Looking to the future, the five year strategy is organised around three pillars: prevention, innovation and investment. Innovation marks a very 2022, post-Covid approach to crisis. Unlike the 2008 global financial crisis, this new squeeze comes after the organisation and the wider market has had two years’ worth of practice when it comes to accelerating tech implementation. In terms of investment, The Big Issue has invested in over 500 charities and social issues, resulting in a huge network of partner organisations. But ultimately, while fire fighting economic and social pressures facing people at the sharp end, the organisation wants to be proactive and help eradicate the conditions that drag people into poverty and homelessness. 
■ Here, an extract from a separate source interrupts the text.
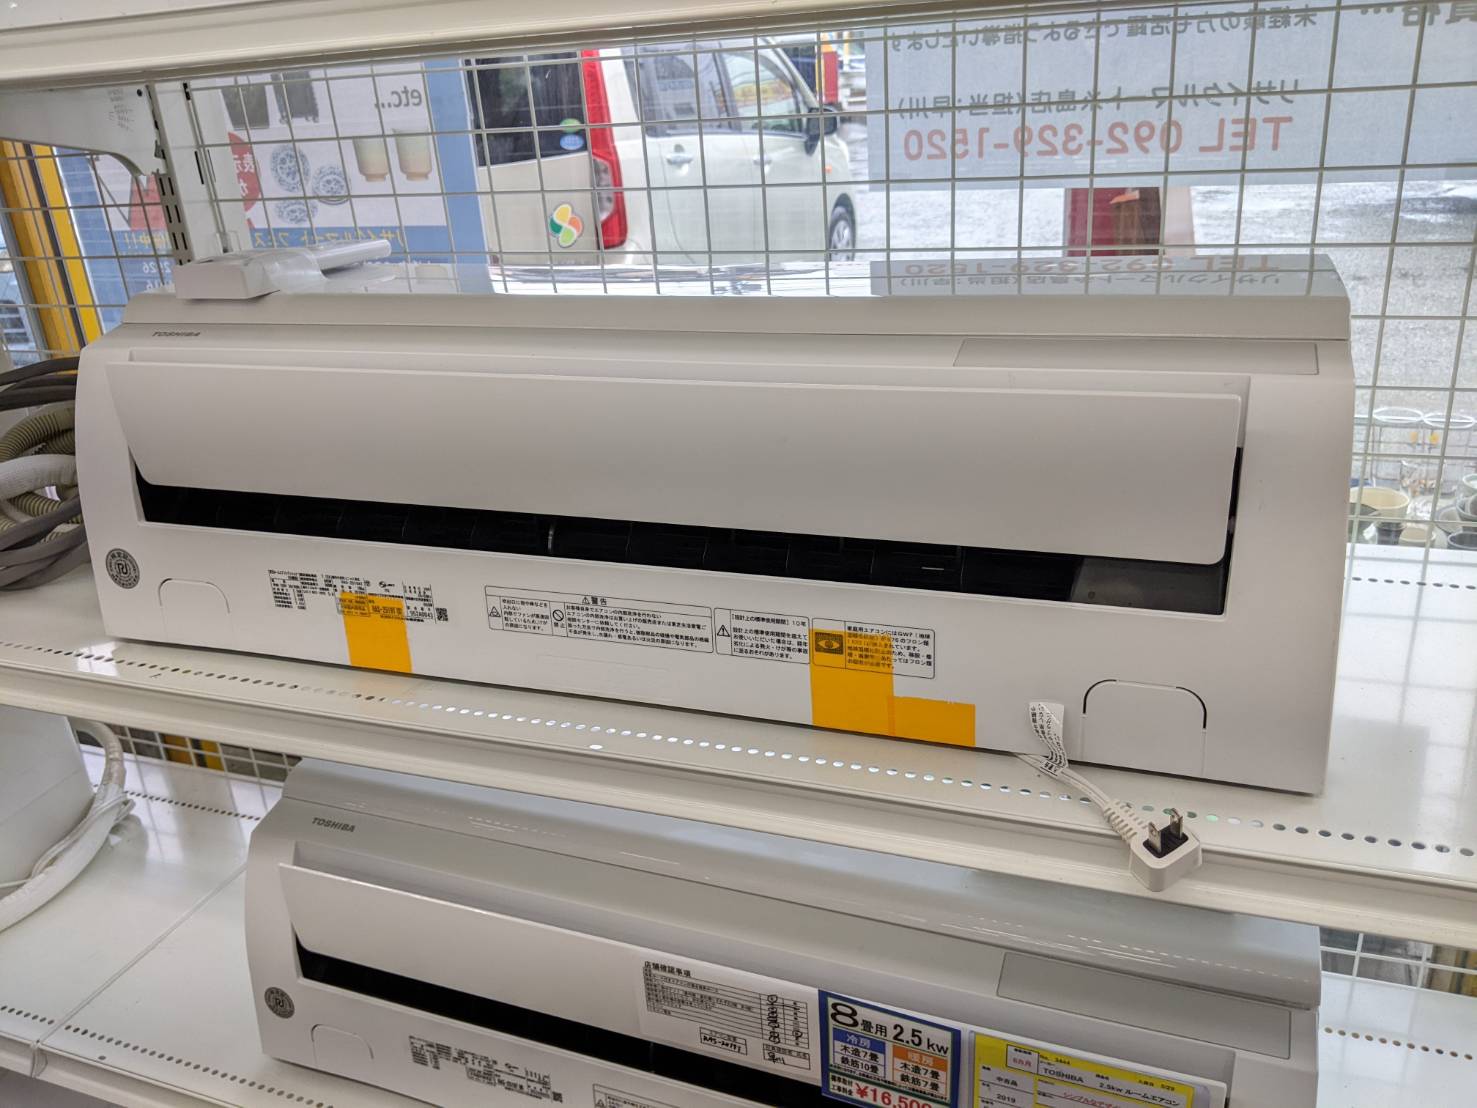 【TOSHIBA 2.5kw ルームエアコン RAS-2519T 2019年式 東芝 クーラー 空調】を買取いたしました! - リサイクルマートは現在冷蔵庫の買取、家具の買取強化中です！お気軽にお問い合わせください。
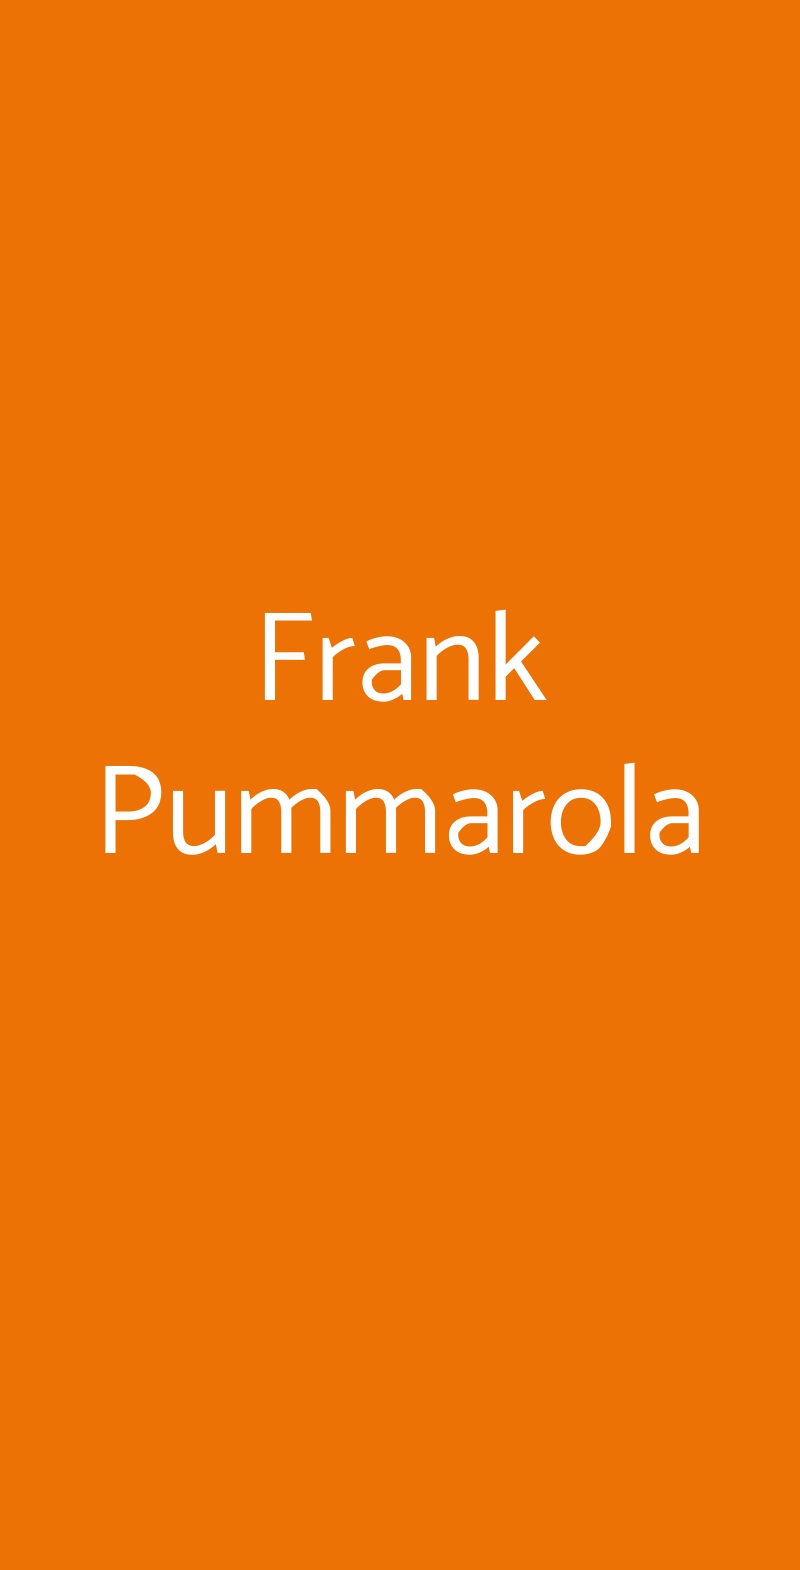 Frank Pummarola Milano menù 1 pagina

“Prevention is a critical part of the work that we do in order that more people don't continue to fall into poverty,” says Zoe. “So I think it's about striking the right balance of tackling emergency issues, but at the same time preventing future generations from going through the same cycle of poverty.”  

And as excited as Zoe is about the clarity and dynamism of the new mission, visuals and proposition, she and the team are focused on doing what they can to support people in the tough years ahead.

“We're excited about the change and the opportunity. But obviously, the fundamental purpose is to help as many people and support as many people as we can.”